Gabby Menachem: Thanks for having me, Guy. This is really exciting.

Guy Nadivi: Gabby, AIOps is still somewhat ambiguous to a lot of people. Can you please tell our listeners how you define AIOps?

Gabby Menachem:Sure, I think it’s a good question because a lot of people ask it these days. And the way I would answer it is I think the industry terms speak of many different things, whereas the majority of people capture this term as being a way to take all these different parts of IT operations today and have artificial intelligence help you in doing your daily job.

So different verticals like digital experience monitoring, network performance, application performance, and IT infrastructure monitoring are all different places in the organization where AI is being commissioned to really help solve these problems with automation and with intelligence built around that, especially using AI but in other means as well.

Guy Nadivi: Okay. So for context, can you please talk about some particularly interesting use cases where AIOps made predictions that mitigated big problems?

Gabby Menachem: Sure. I think the term prediction is sometimes throwing people off because the use of data to find predictions and really build something into a prescriptive way and really solving a problem is what everyone is envisioning when you talk about predictions. In many cases, the way to really predict things in IT has a lot more to do with catching things when they’re small or when the system bends before it breaks. And I’ll give two examples. One is of a customer-facing issue with one of our biggest clients, a CPG company has a lot of websites. And one of the problems that Loom found initially when we installed was that they came up with a new product on their website and engagement platform for people to interact with their product and really build a schedule, something like that on how they are going to use the product. And after marketing and IT signed off from it & made all the necessary tests, it just went to production and a lot of TV commercials and others have been used to promote this.

But when Loom was used to look at the results of that website, we saw that some backend servers were talking about missing resources and it turns out that the experience over time was degraded significantly because there was some configuration error at the server. And the problem is that user experience, things like that are typically not reported and especially in the Fortune 2000 organization you can see that this sign-off mechanism is more of a onetime thing and systems are not continuously tested for the customer experience.

So this kind of prediction, finding things that are broken or giving a bad experience in a way that assists them that doesn’t know anything about your server can really find just because it has artificial intelligence, is a form of proactively finding out customer experience issues and how they relate to your servers and how to fix them, actually. The second example I can give is really on internal issues. And again in the Fortune 2000 organization, most of them report to the SEC on a quarterly basis and obviously the last day of the quarter is something that they all dread in terms of whether the ERP system is going to fail or if email is going to fail, and obviously all the salespeople are putting in all the orders at the last minute because that’s how people buy, and it puts a lot of stress on the systems. In these cases, looking into how the primary site and the secondary site and obviously they all use high availability for their systems, looking at this continuously can find issues before any kind of failover would happen. In the case I’m talking about is looking into an SAP environment where the secondary site was not configured right and just by putting Loom on that secondary site logs, we were able to figure out that there are these configuration errors and told the team ahead of time they could have fixed it before the fail-over actually happened at the end of the quarter. So in that way we solved and basically mitigated, prevented a problem that could have happened unless they knew about the secondary site problems.

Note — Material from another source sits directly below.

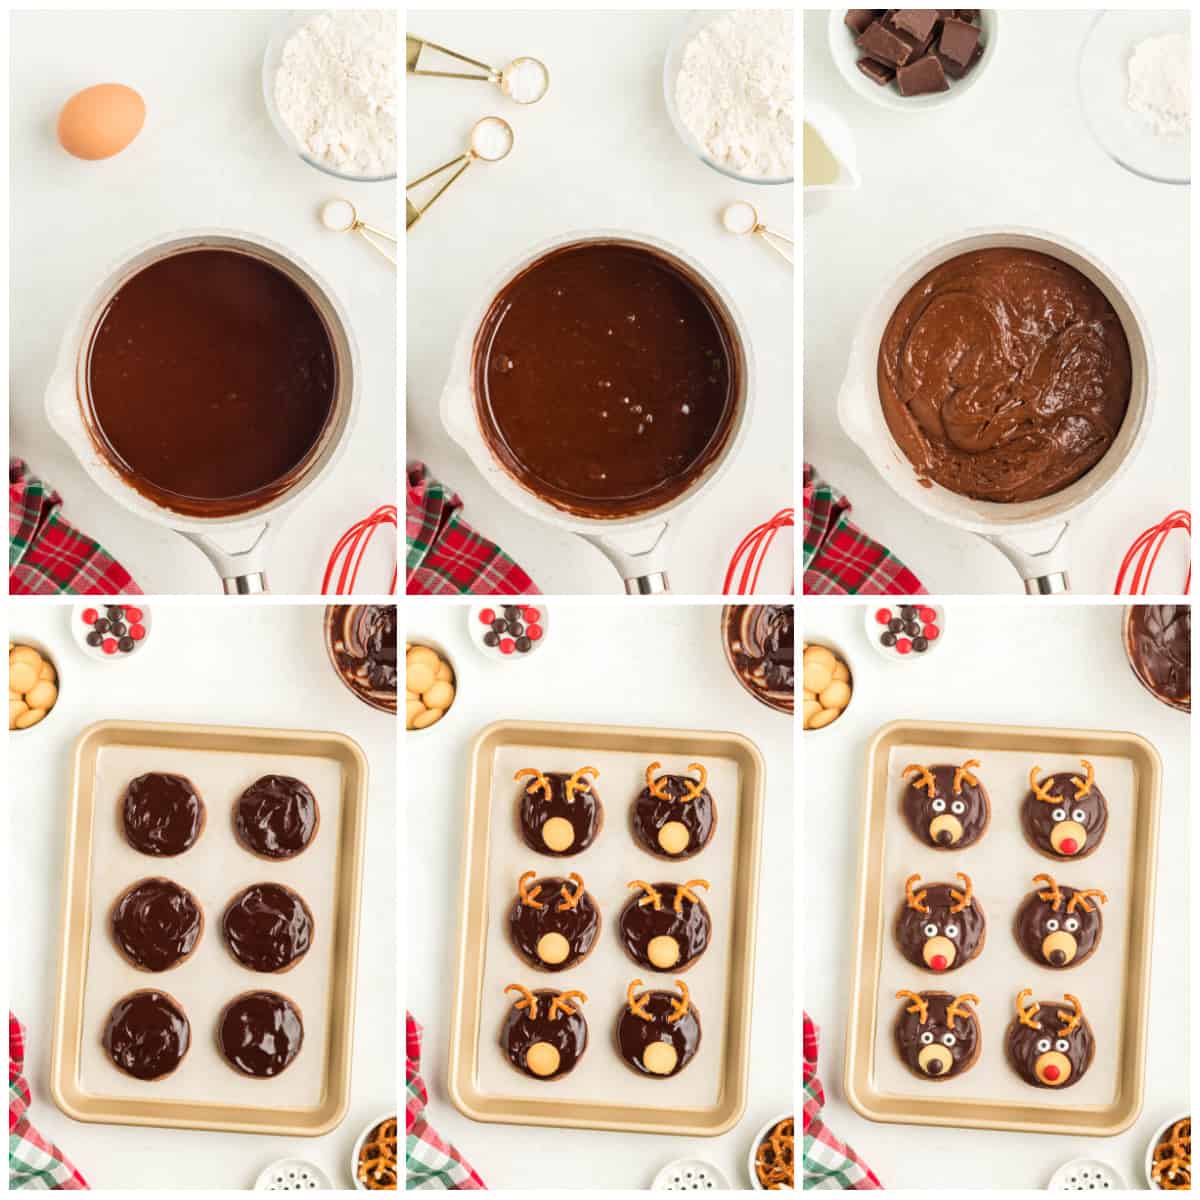 Step by step photos on how to make Reindeer Cookies.

Guy Nadivi:I’ve heard you talk elsewhere about how the biggest ROI realized by companies deploying AIOps is in allowing them to reduce the skillset required for some IT positions. And I’m curious, given the difficulty a lot of enterprises are having in finding skilled IT staff, can you please elaborate on how AIOps can alleviate that pressure?

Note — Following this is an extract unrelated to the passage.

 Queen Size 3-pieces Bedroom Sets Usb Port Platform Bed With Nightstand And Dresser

Gabby Menachem: Of course, I think the entire industry is driven by one big vision, which is the vision for self-healing. And if you work backwards from this vision of the systems that work and operate themselves and really figure out what the problem is and then can remediate it with some sort of automation. In this case intelligent automation, you come to grasp when you take it into reality you see that the majority of the high value problems in IT, are really solved by people. And that solution space is governed by people with a lot of skillset. The subject matter expertise for different systems is something that is hard to proliferate within an organization. And I think that was initially the idea behind ticketing systems alongside the workflow management. And thinking about this problem actually led us in Loom to build a tribal knowledge base that is associated with our predictions. So whenever we find a problem we can really talk about and give a resolution and connect it to the specific log line that is responsible for the problem. This sort of root cause leads to resolution, leads to intelligent automation that can go solve this problem with a product like Ayehu, is something that I think a lot of the customers are looking for. And if you think about it, it’s also a good solution to the skillset problem, because when you would build those automations and resolutions into your tribal knowledge base, you’re actually proliferating that knowledge throughout the organization. And in the case of Loom, it’s even across customers in a crowdsource sort of way, and can give you this risk reduction about how to solve an issue, how to get to the root cause faster and really do those both these high skillset problems, solve them with software instead of people. It’s the true realization of what AIOps can do in an organization. I think we’re still at the early days of customers using that kind of intelligent automation. But it’s definitely exciting and definitely what I see customers are interested in.

Guy Nadivi: So in thinking about AIOps, I’m curious how much data and what kind, does an AIOps tool need to ingest and analyze before it can start churning out meaningful predictions?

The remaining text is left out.